During his school years, he played the lead role in the film Deniskin's Stories, based on the stories of Viktor Dragunsky.

While at school, he graduated from a music school with a specialization in classical guitar. He performed as a member of VIA "Shkolniye Gody", where he composed his own music and performed as both a singer and bass guitarist.

== Education ==
In 1978, immediately after graduating from high school, he entered the Gubkin Russian State University of Oil and Gas, but he did not finish his studies there. Later, he underwent professional retraining at this university by the program "Economics and Management at oil and gas enterprises".

- 1980—1982 — service in the armed forces (units of Pacific Fleet's Dalvoenmorstroy in the cities of Vladivostok (Primorsky Krai) and Sovetskaya Gavan (Khabarovsk Krai). He was an Honors student of military construction. During Men's military service he specialized "Tower crane operator". After his dismissal, he entered and graduated from the directing department of the Moscow State Art and Cultural University. Later, he also graduated from the Russian Presidential Academy of National Economy and Public Administration with honor Diploma in Jurisprudence.
- In 2001, he Mikhail Men defended his PhD thesis for the degree of Candidate of Philosophical Sciences in theme "Value orientations of personality in the context of the mutual influence of religion and other phenomena of spiritual culture"

== The beginning of labor, social, political and creative activities ==
From 1983 to 1991, he worked in cultural institutions in Moscow and Moscow Oblast. In parallel with this work, Mikhail Men launched a number of musical projects. In 1986 together with the guitarist Alexey Tumanov they created the rock band Most. Mikhail Men co-wrote most of the songs, also he recorded vocals and played bass guitar on the band's first album. Later he created the project "Morskoy Patrul" with the famous musician, participant of VIA "Nadezhda", Yuri Stozharov.

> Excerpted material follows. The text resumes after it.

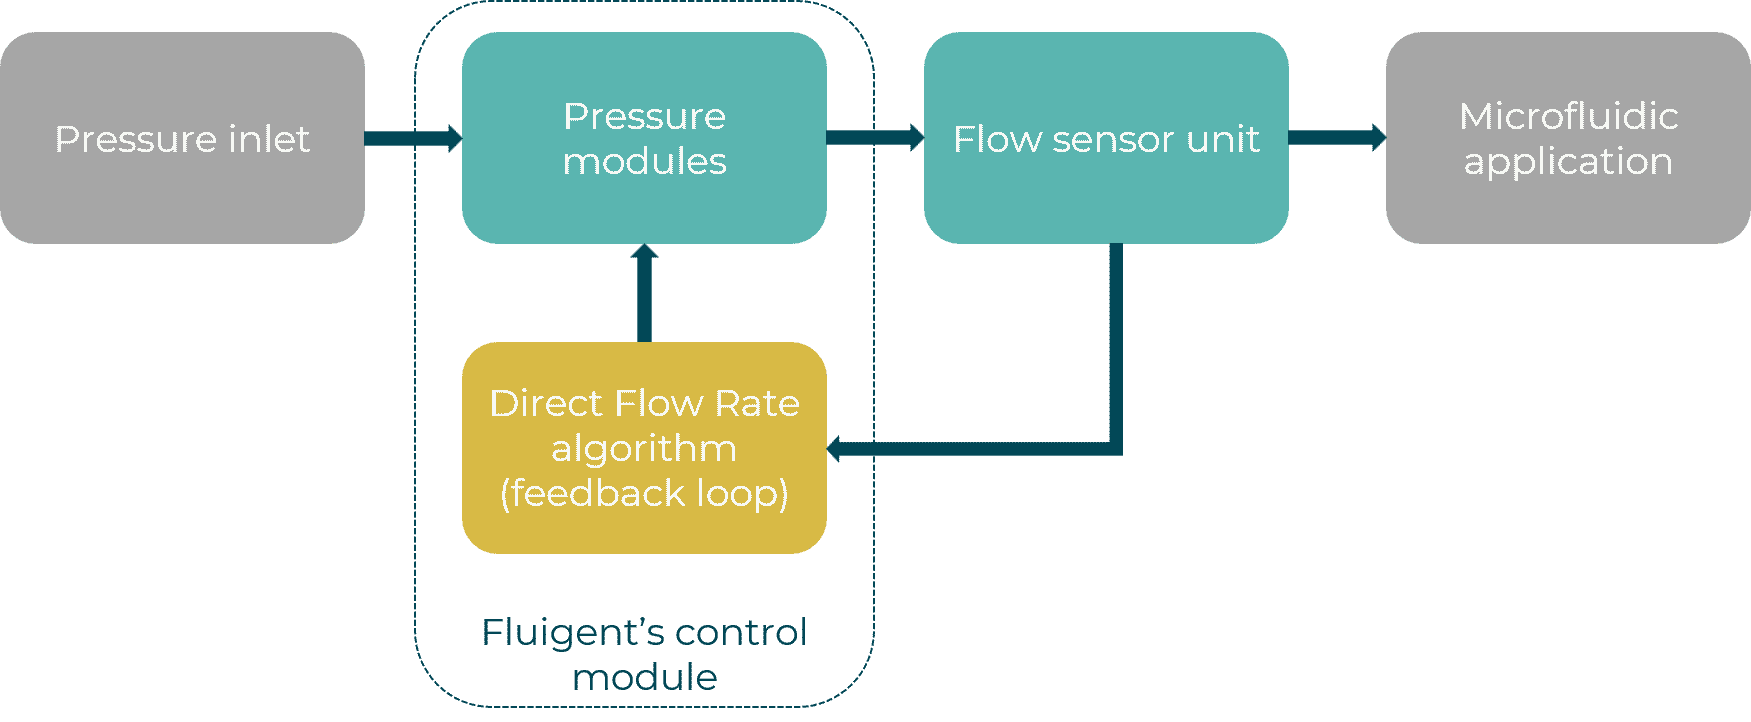 operating principle of the DFC microfluidic flow rate control algorithm

In the early 90's, having assembled the old line-up VIA "Shkolniye Gody", he released old songs of the group as a separate album. Together with the famous songwriter Alexander Yelin, they produce the rock band "Primadonna", which won Grand Prix at the All-Union Music Competition "Miss Rock-88".

In 1990–1993, Mikhail Men was a chairman of the Board of the humanitarian and charitable organization "Alexander Men Foundation". He studied at special courses at the VIPKLESPROM Liedership Training Center on the basics of foreign economic activities, engaged in entrepreneurial activities.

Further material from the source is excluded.